The initial motiviation for this change came from frustrations over maintaining Herbie’s various IRs. Some of the biggest pain points were knowing where each IR was used, correctly translating expressions between subsystem boundaries, and keeping around additional data when translation stripped important information from the expression. A summary of these issues and a proposal to fix them lives here. We briefly summarize some of the principles identified:

  • rewrite rules based on equivalence over the reals should be applied to programs with real semantics,
  • floating-point operator selection is precision tuning, e.g., choosing to approximate sqrt via sqrt.f64 fixes the particular rounding function and number format of the result.

Thus, Herbie’s mainloop rewrites SpecIR programs to ImplIR programs by (1) applying rewrite rules based on mathematical identities over SpecIR programs; (2) applying rewrite rules that map SpecIR tiles to a single ImplIR function application, e.g., (+ (* a b) c) -> (fma.f64 a b c) (this is the actual lowering phase).

Egraphs

As with a number of projects in PLSE, Herbie uses the egg library for applying rewrite rules. The multi-phased rewriting approach described above had a number of implications for Herbie’s use of egg. First, the egraph now maintains equivalence of expressions according to real semantics, that is, (sqrt x), (sqrt.f64 x), and (sqrt.f32 x) will be in the same equivalence class (“eclass”) despite not having the same numerical behavior. Previously, nodes within an eclass had to also have the same output type.

Typed egraph representing a lowering of a single SpecIR program

As a result, we require typed extraction to always extract well-typed programs from the egraph, that is, extraction should never produce (sqrt.f64 (+.f32 x 1)). Rather than computing the best node for each eclass, the extractor computes the best well-typed node for each possibly output type. Having no extractable type for a given eclass represents a failure to lower the real operator to an actual floating-point operator, an event that may be common in heavily constrained platforms.

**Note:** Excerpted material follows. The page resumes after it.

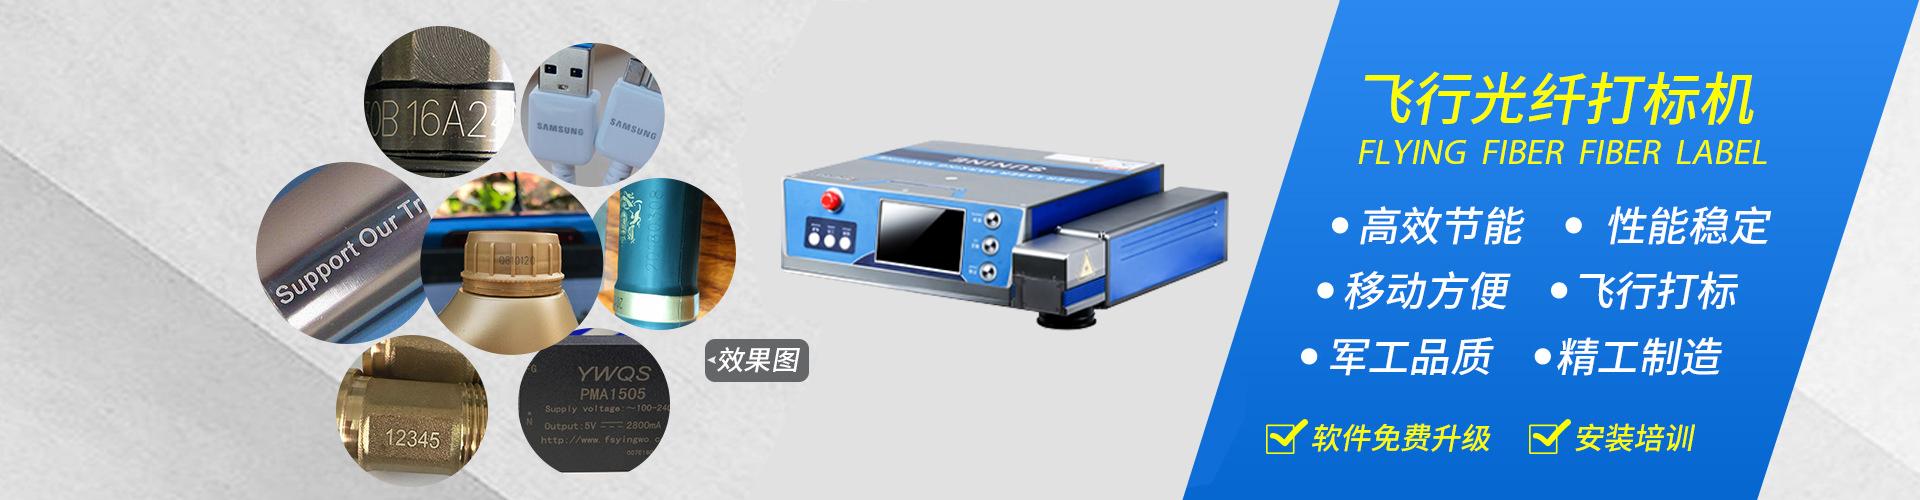 金属激光打标机

With typed extraction, we can apply the usual class of cost function that egg supports and produce a well-typed expression. It is still unclear what cost functions would help best explore the search space. The obvious cost function would utilize the per-operator platform costs to find the cheapest program in the platform. We have also considered extracting the nodes with the lowest numerical error over the sample inputs points. Perhaps, some combination of these functions would prove interesting.

Conclusion

Our new perspective on Herbie is the tool should be reframed as a platform-aware compiler that translates real expressions to floating-point implementations. To support this vision, we introduce platforms within Herbie to flexibly specify the output language to optimize over, and adapt Herbie to rewrite from programs over reals to programs over floating-point values. We believe that implementing this vision will allow users to target different platforms, produce better accuracy versus speed tradeoffs, and optimize for novel floating-point operators. Ultimately, we are excited to see what work that this new direction inspires.

Acknowledgements

Some inspiration for this new perspective arose from discussions and support under the DOE XStack project led by Hal Finkel and ASCR.